We have several strings, and float64. date_egg should be a date.

In [None]:
p.date_egg = pd.to_datetime(p.date_egg)

In [None]:
p.dtypes

I want to add a new column for day of the study the penguin was observed. We first subtract date_egg from the earliest date in the column, convert to string, strip off the 'days' word from the end and convert to an int.

In [None]:
p['study_day']=p.date_egg-p.date_egg.min()
p['study_day']=p['study_day'].astype(str)
p['study_day']=p['study_day'].str[:-4]
p['study_day']=p['study_day'].astype(int)

In [None]:
p.study_day

We can do most of manipulations with chaining (except the last one).

In [None]:
#p['study_day']=p.date_egg-p.date_egg.min().astype(str).str[:-4]
#p['study_day']=p['study_day'].astype(int)

In [None]:
len(p)

Let's get rid of all the rows that have missing data in certain columns.

In [None]:
p = p[p.bill_length_mm.notna()]

In [None]:
p = p[p.delta_15.notna()]

In [None]:
p['sex'].groupby(p.sex).count()

Looks like we have an errant value in 'sex'. We need to remove it. **This is the code I couldn't remember to get the index of dataframe row and then drop it**

In [None]:
i = p[p.sex=='.'].index
p.drop(i, inplace=True)

.info() gives us some summary meta data.  I noticed that we are missing the sex for 5 penguins.

In [None]:
p.info()

In [None]:
p.sex.groupby(p.sex.isna()).count()

Let's get the index for the rows were penguin was empty and investigate.

In [None]:
i = p[p.sex.isna()].index
print(i)
p[p.index==9]

NaN (not a number) means its empty.  Let's just drop these too.

In [None]:
p.drop(i, inplace=True)
p.info()

Looks good.
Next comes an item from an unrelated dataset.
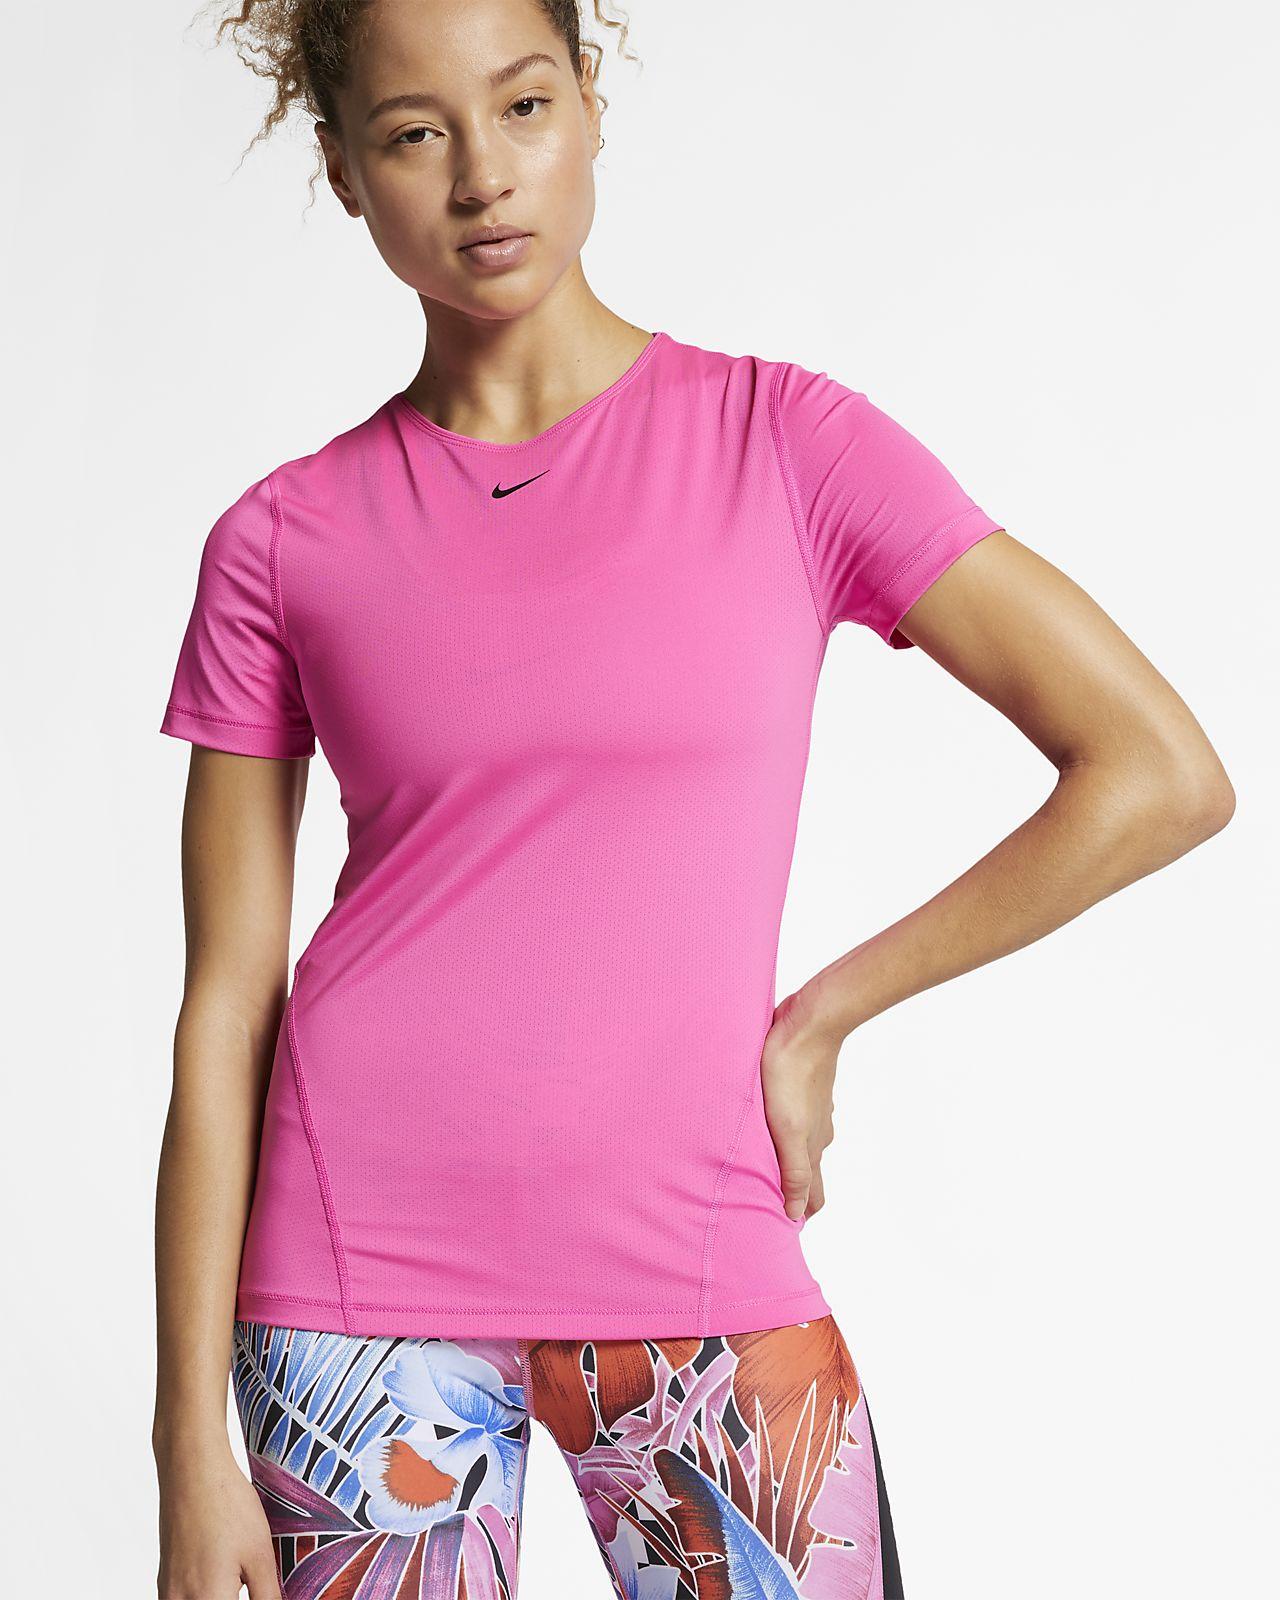 Γυναικεία κοντομάνικη μπλούζα προπόνησης από διχτυωτό υλικό Nike Pro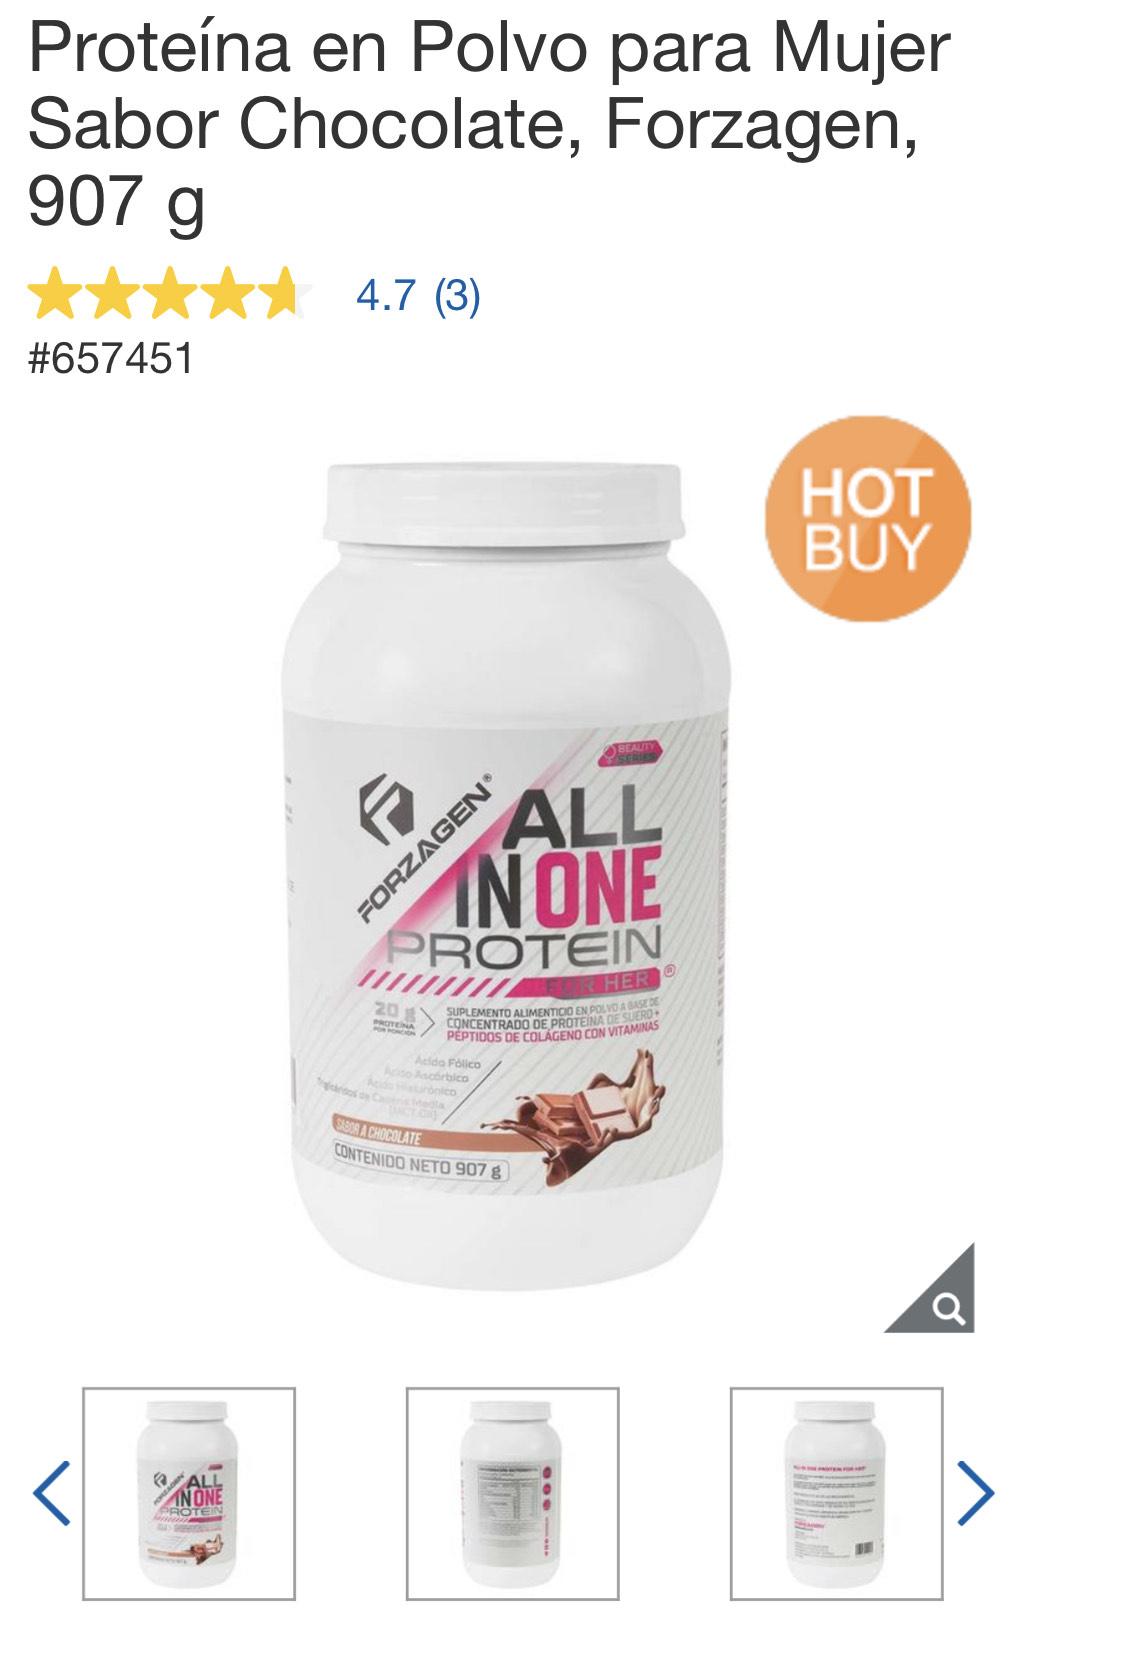 Costco: proteína en Amazon está en $999

Now we can save.

In [None]:
p.to_csv('processed_penguins.csv', index=False)

In [None]:
p.head()

Let's split out a separate data set for adelie penguins to save.  First, we subset the data by 'Adelie', drop the 'species' column, and then save to file.

In [None]:
adelie = p[p['species']=='Adelie']
adelie.drop(['species'], axis=1,inplace=True)
adelie.to_csv('adelie.csv', index=False)

In [None]:
adelie.head()

I would like to be able to save data sets for each species. This code gets the types with a groupby then it loops through the index (which contains the species) and subsets the data, drops the 'species' column and saves to a file.

In [None]:
types = p.species.groupby(p.species).count()
for t in types.index:
    locals()[t.lower()]=p[p['species']==t]
    locals()[t.lower()].drop(['species'], axis=1,inplace=True)
    locals()[t.lower()].to_csv(t.lower()+'.csv', index=False)

## T-Test
Let's run a T-Test on the data to see if there is a significant different between mean flipper length for male and female penguins. First, we have two different ways to subset the data.

In [None]:
male = p[p['sex']=='MALE']
female = p.query("sex == 'FEMALE'")

Then we can use ttest_ind from statsmodels.stat to do the T-Test.

In [None]:
stats.ttest_ind(male.flipper_length_mm, female.flipper_length_mm)

The p value is less than .05 significance level so we can conclude that the mean flipper length between males and females in this sample are different.